### Task directions
Your output should be the records below, word for word and picture-free.

### Records for the task
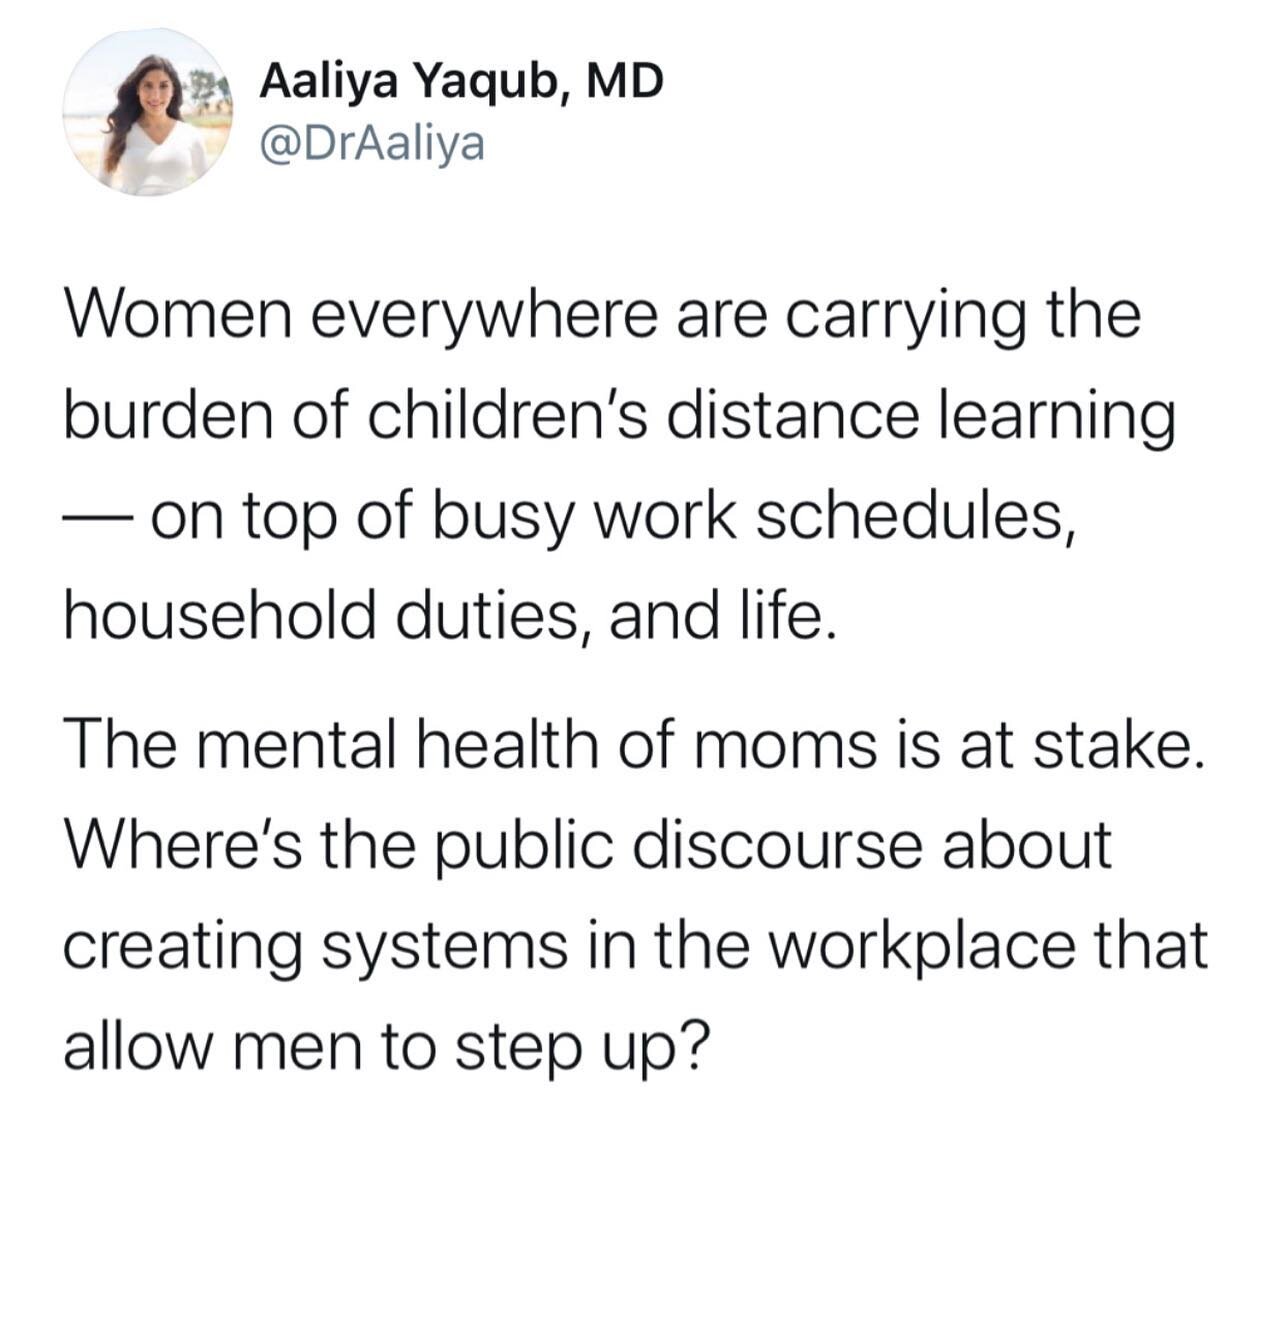 We Are NOT OK.
⠀⠀⠀⠀⠀⠀⠀⠀
Friends, can we talk about something? I want you to know that if you&rsquo;re struggling right now because of distance learning/childcare/pandemic related responsibilities, you are not alone. It&rsquo;s ludicrous for society t
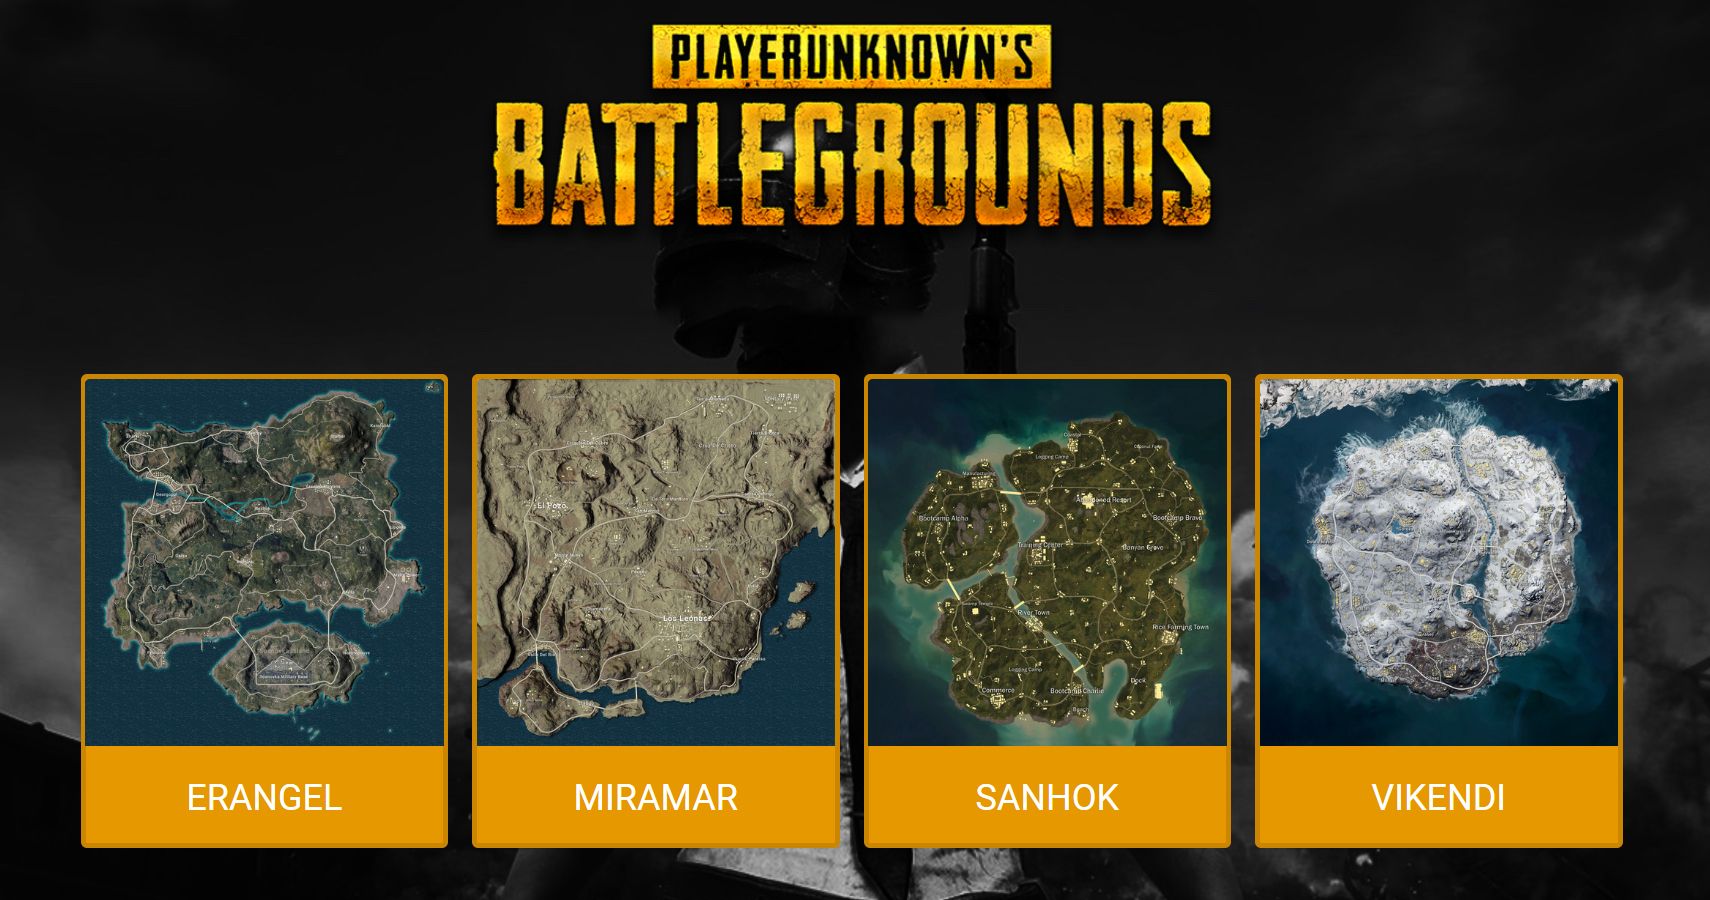 pubg better than fortnite: Every Map In The Game, Ranked From Worst To Best
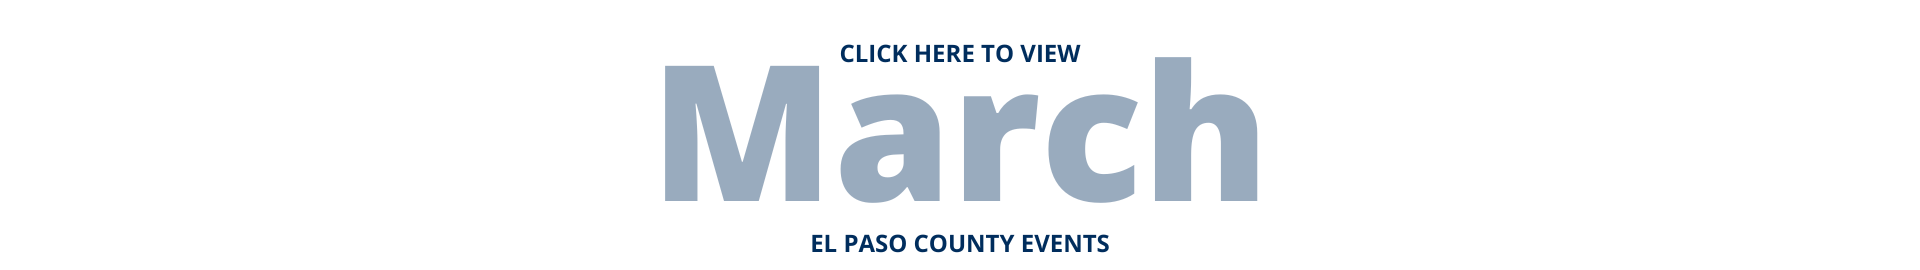 image of text: "Click Here to View" "March" "El Paso County Events"
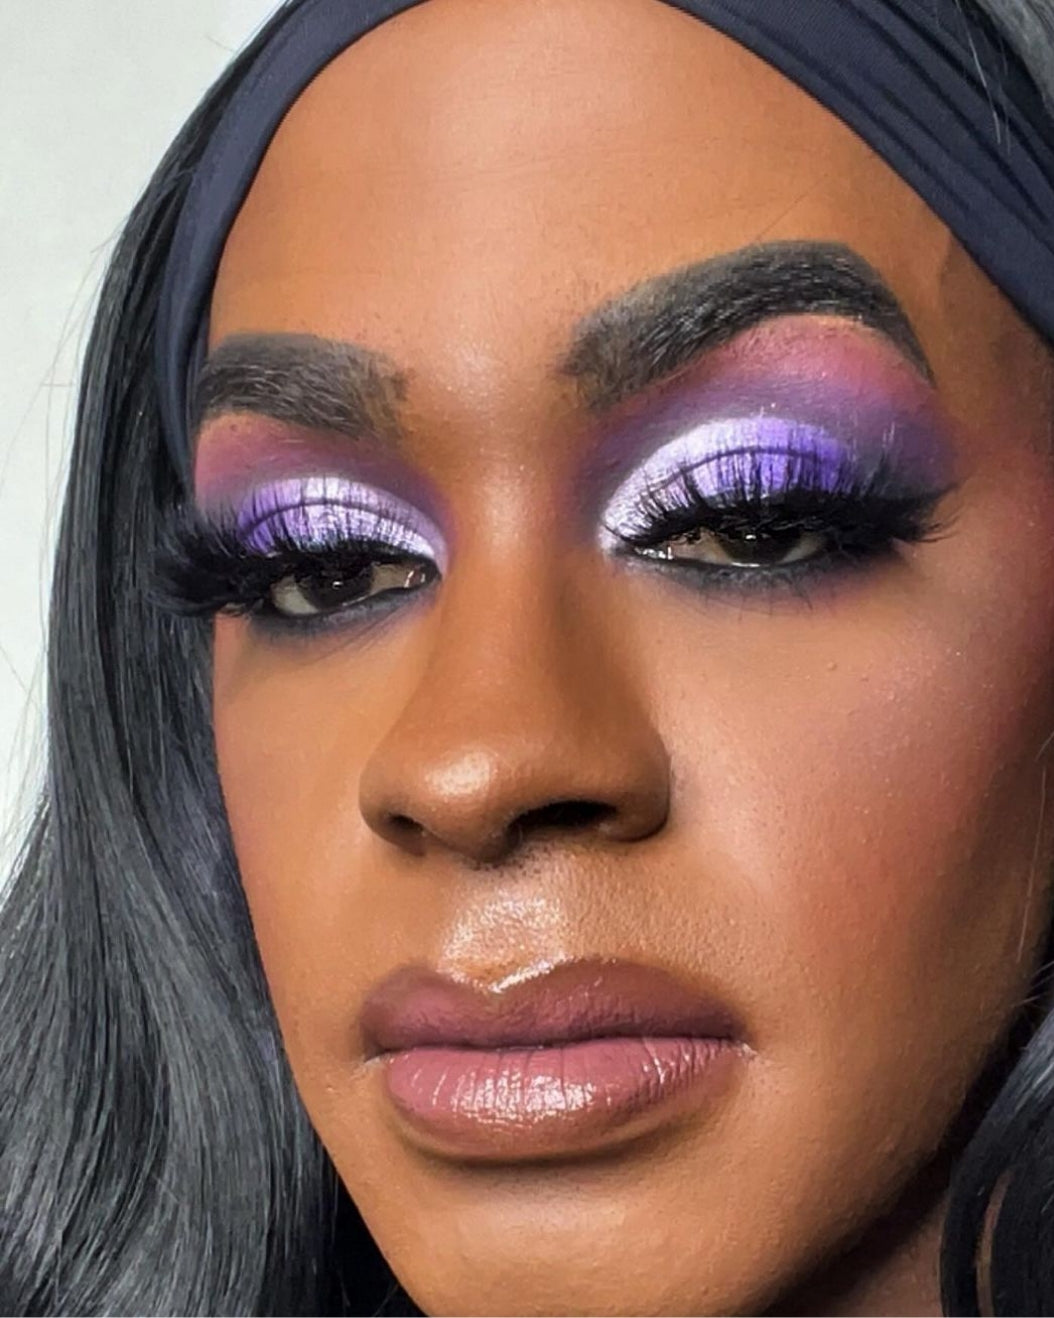 Model wears colorful eye makeup with colorful eyelashes for holiday makeup inspiration
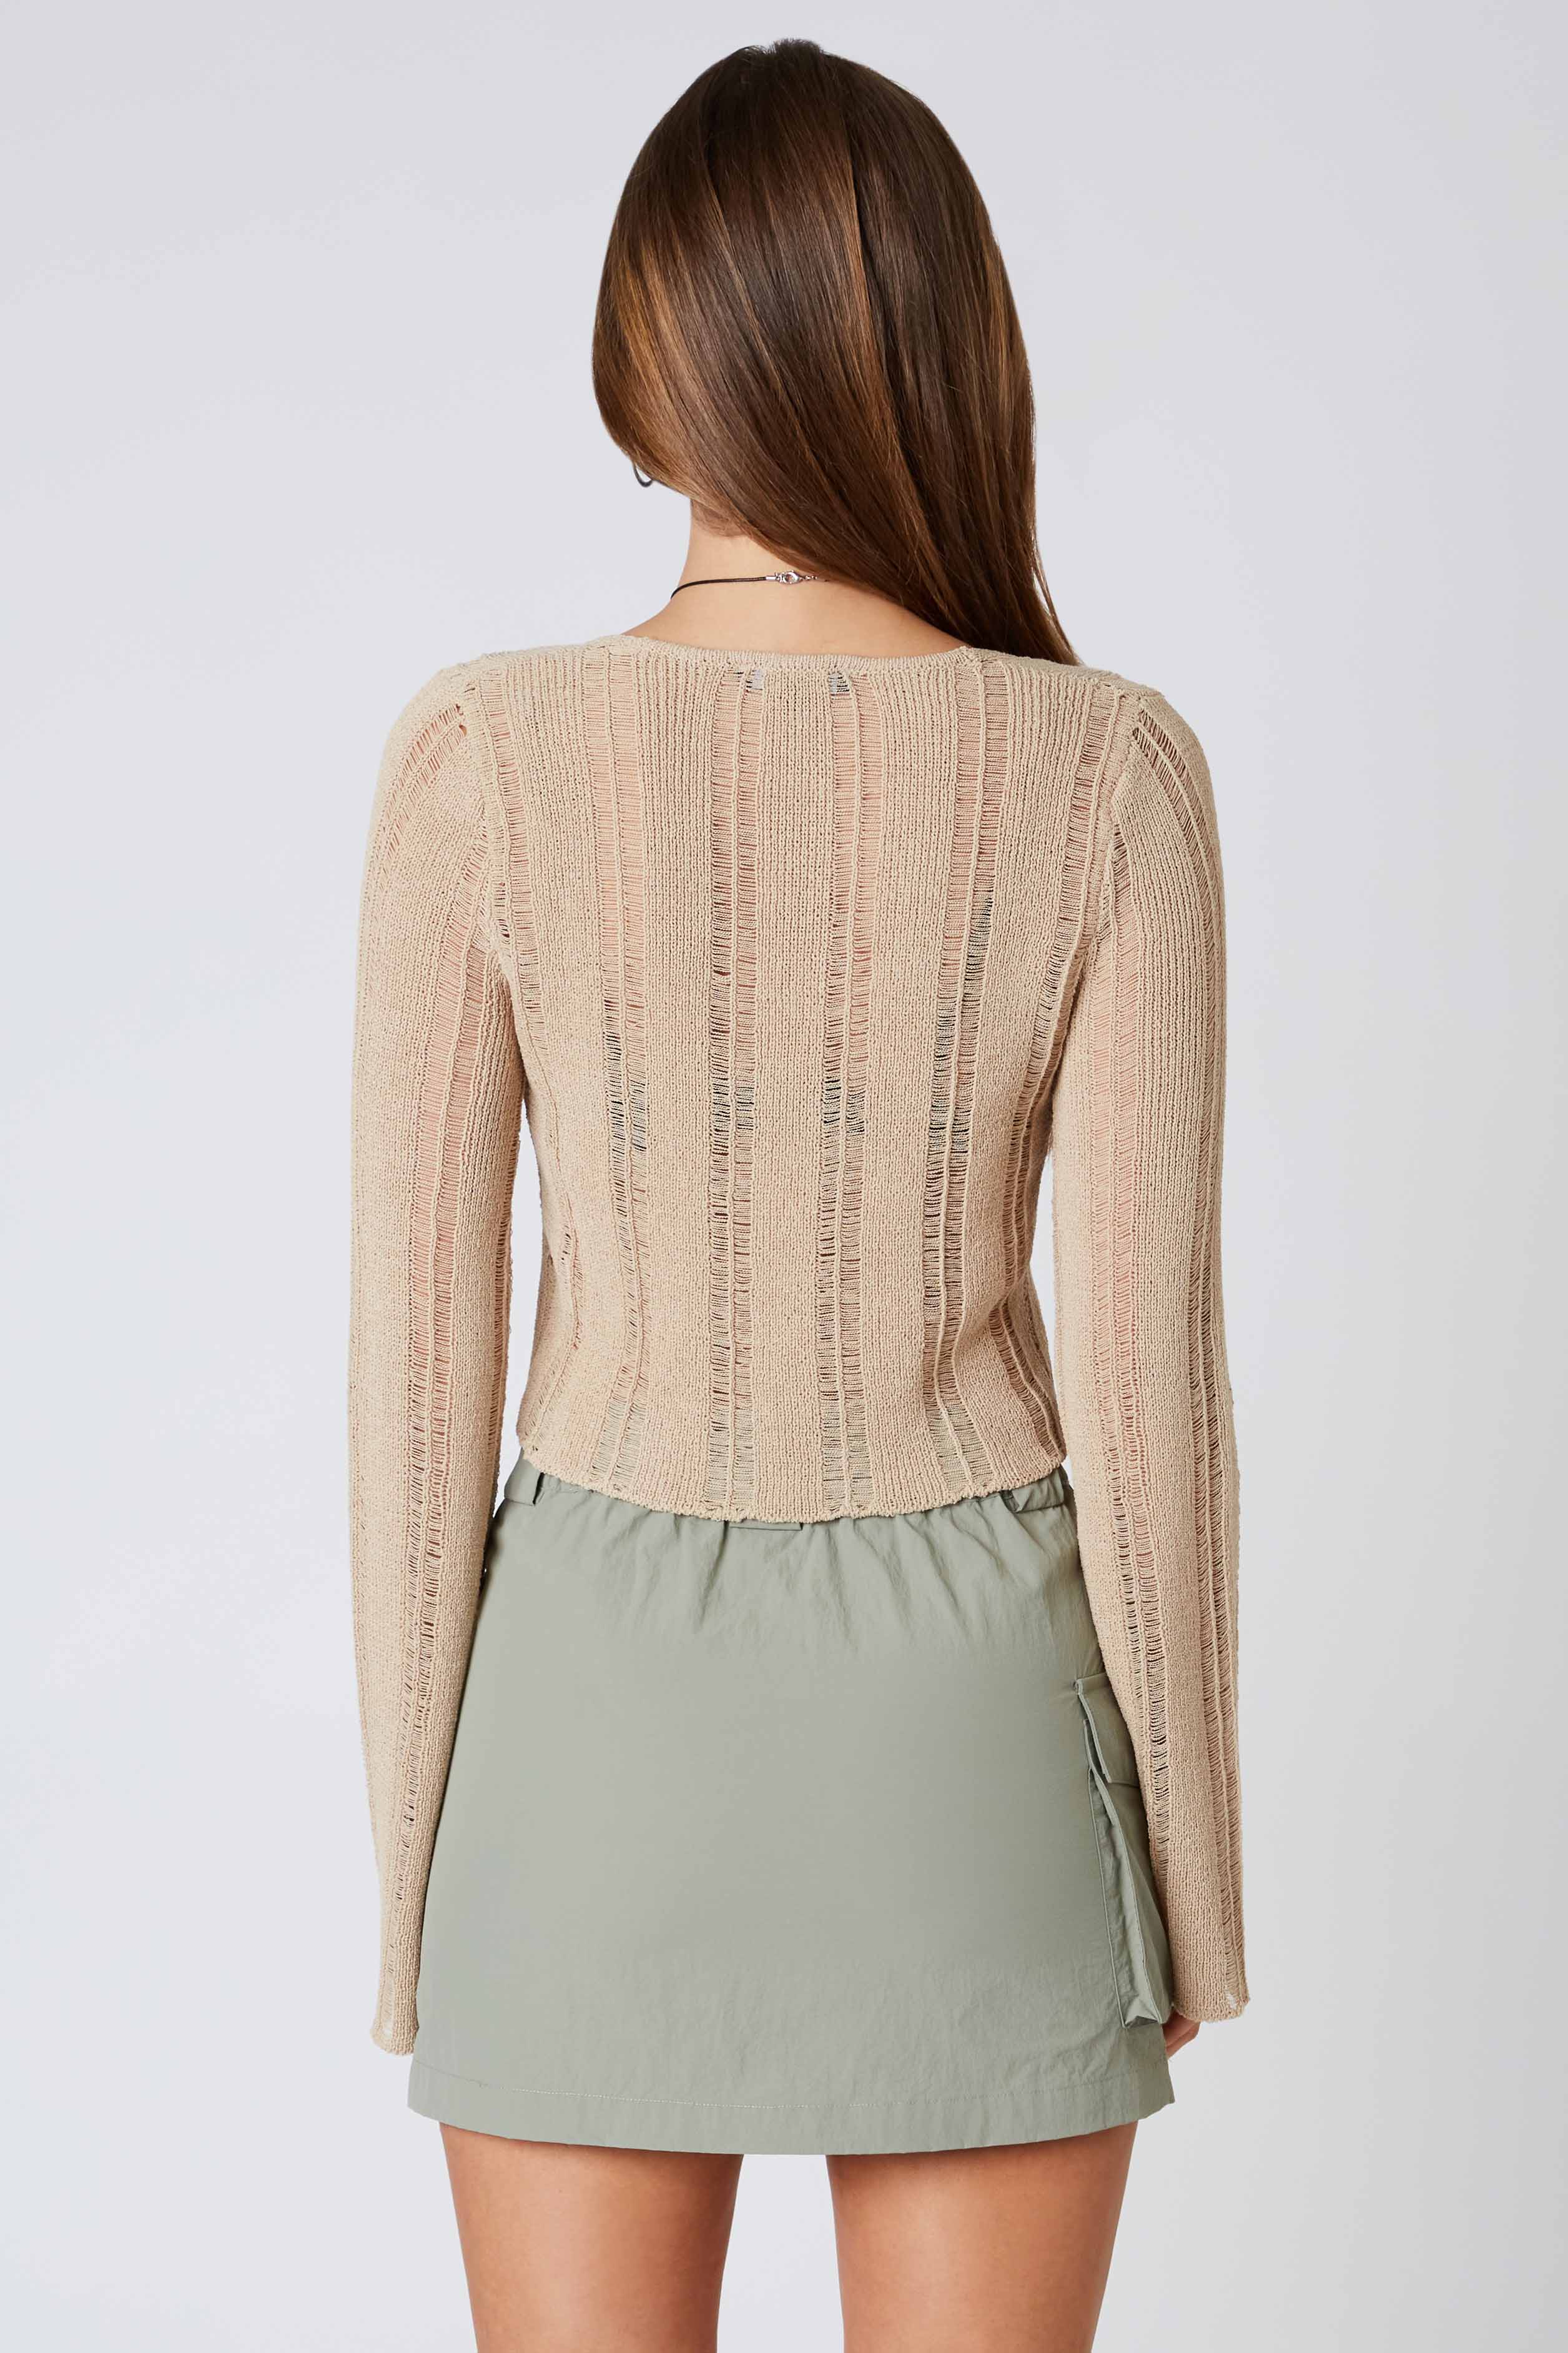 Crochet Knit Bell Sleeve Cardigan in Taupe Back View

### Answer section
 We Are NOT OK.
⠀⠀⠀⠀⠀⠀⠀⠀
Friends, can we talk about something? I want you to know that if you&rsquo;re struggling right now because of distance learning/childcare/pandemic related responsibilities, you are not alone. It&rsquo;s ludicrous for society t
 pubg better than fortnite: Every Map In The Game, Ranked From Worst To Best
 image of text: "Click Here to View" "March" "El Paso County Events"
 Model wears colorful eye makeup with colorful eyelashes for holiday makeup inspiration
 Crochet Knit Bell Sleeve Cardigan in Taupe Back View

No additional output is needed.